Dataset content below:

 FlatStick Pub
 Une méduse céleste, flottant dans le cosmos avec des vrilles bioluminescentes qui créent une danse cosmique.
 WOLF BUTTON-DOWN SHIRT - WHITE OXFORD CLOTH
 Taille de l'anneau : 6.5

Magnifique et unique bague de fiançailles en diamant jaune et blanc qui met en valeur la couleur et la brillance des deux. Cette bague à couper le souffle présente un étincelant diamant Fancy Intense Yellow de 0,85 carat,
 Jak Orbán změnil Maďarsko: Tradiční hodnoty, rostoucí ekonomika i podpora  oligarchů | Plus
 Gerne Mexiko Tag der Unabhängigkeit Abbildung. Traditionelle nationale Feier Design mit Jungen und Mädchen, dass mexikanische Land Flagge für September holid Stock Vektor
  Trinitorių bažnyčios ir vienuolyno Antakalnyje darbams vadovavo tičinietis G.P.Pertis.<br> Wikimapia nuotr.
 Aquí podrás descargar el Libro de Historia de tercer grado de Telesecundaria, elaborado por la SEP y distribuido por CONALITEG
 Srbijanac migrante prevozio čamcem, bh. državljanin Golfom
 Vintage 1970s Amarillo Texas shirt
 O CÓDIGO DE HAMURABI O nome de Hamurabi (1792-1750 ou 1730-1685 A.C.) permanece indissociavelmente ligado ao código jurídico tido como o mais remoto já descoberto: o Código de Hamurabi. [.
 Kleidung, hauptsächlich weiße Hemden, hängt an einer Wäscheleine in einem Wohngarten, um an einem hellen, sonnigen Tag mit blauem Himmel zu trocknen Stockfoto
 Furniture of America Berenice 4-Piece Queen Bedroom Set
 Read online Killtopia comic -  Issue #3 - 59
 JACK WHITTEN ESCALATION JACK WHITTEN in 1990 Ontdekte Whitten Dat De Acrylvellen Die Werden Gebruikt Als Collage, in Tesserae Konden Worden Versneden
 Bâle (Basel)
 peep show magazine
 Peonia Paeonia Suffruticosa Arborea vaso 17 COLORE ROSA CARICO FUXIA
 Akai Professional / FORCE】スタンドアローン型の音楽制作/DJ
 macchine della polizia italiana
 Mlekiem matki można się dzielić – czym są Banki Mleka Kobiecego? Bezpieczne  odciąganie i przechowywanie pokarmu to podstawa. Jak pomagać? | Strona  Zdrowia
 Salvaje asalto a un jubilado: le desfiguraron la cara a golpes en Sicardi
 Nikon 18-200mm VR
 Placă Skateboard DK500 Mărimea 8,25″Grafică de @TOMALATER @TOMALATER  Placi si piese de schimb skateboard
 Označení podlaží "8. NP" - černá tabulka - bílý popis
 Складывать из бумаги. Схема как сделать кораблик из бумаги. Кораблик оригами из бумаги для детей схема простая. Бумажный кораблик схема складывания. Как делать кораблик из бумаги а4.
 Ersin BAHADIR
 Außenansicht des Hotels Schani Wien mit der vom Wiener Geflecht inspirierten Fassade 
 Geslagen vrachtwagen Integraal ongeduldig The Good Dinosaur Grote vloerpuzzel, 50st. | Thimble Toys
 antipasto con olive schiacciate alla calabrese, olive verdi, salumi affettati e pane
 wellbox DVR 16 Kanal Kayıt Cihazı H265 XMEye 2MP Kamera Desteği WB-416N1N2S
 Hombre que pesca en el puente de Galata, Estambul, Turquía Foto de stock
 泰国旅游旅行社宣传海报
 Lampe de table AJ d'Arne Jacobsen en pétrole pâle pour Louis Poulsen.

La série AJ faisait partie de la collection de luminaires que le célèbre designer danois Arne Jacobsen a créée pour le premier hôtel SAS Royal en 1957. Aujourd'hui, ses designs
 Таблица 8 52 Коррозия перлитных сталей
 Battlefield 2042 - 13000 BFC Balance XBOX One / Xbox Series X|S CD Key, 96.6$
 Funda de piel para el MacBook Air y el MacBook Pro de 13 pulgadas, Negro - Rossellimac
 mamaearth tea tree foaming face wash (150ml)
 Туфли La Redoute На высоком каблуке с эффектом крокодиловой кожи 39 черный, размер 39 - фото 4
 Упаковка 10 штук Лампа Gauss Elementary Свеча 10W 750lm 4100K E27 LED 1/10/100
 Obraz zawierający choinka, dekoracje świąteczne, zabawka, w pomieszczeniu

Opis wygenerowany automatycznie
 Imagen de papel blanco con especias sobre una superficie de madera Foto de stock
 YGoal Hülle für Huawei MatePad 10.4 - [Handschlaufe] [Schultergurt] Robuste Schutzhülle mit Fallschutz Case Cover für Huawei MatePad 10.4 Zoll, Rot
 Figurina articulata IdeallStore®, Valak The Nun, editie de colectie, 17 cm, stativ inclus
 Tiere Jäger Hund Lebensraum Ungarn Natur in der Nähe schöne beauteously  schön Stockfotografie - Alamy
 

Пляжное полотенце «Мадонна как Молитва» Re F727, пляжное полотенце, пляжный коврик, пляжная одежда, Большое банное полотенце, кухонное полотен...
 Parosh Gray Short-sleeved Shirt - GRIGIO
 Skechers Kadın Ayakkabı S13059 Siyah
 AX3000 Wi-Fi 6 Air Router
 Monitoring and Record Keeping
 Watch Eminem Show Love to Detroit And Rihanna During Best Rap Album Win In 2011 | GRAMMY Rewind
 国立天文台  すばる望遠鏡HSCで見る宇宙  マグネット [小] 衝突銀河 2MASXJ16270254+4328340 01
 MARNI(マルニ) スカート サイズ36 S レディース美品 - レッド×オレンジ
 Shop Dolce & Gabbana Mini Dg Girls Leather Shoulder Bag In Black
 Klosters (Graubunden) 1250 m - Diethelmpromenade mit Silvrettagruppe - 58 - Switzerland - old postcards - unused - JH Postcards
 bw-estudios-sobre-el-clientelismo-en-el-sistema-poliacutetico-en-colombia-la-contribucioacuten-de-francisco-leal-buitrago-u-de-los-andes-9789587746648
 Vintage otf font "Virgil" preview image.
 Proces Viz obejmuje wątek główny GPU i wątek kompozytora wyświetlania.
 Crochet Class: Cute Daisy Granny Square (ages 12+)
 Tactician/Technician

End of Dataset content.

Problem to solve
In the records above, the line with "- bílý popis" marks the start and the line with "Ersin BAHADIR" marks the end; copy that stretch exactly, both lines included, and nothing else.

Result
 Označení podlaží "8. NP" - černá tabulka - bílý popis
 Складывать из бумаги. Схема как сделать кораблик из бумаги. Кораблик оригами из бумаги для детей схема простая. Бумажный кораблик схема складывания. Как делать кораблик из бумаги а4.
 Ersin BAHADIR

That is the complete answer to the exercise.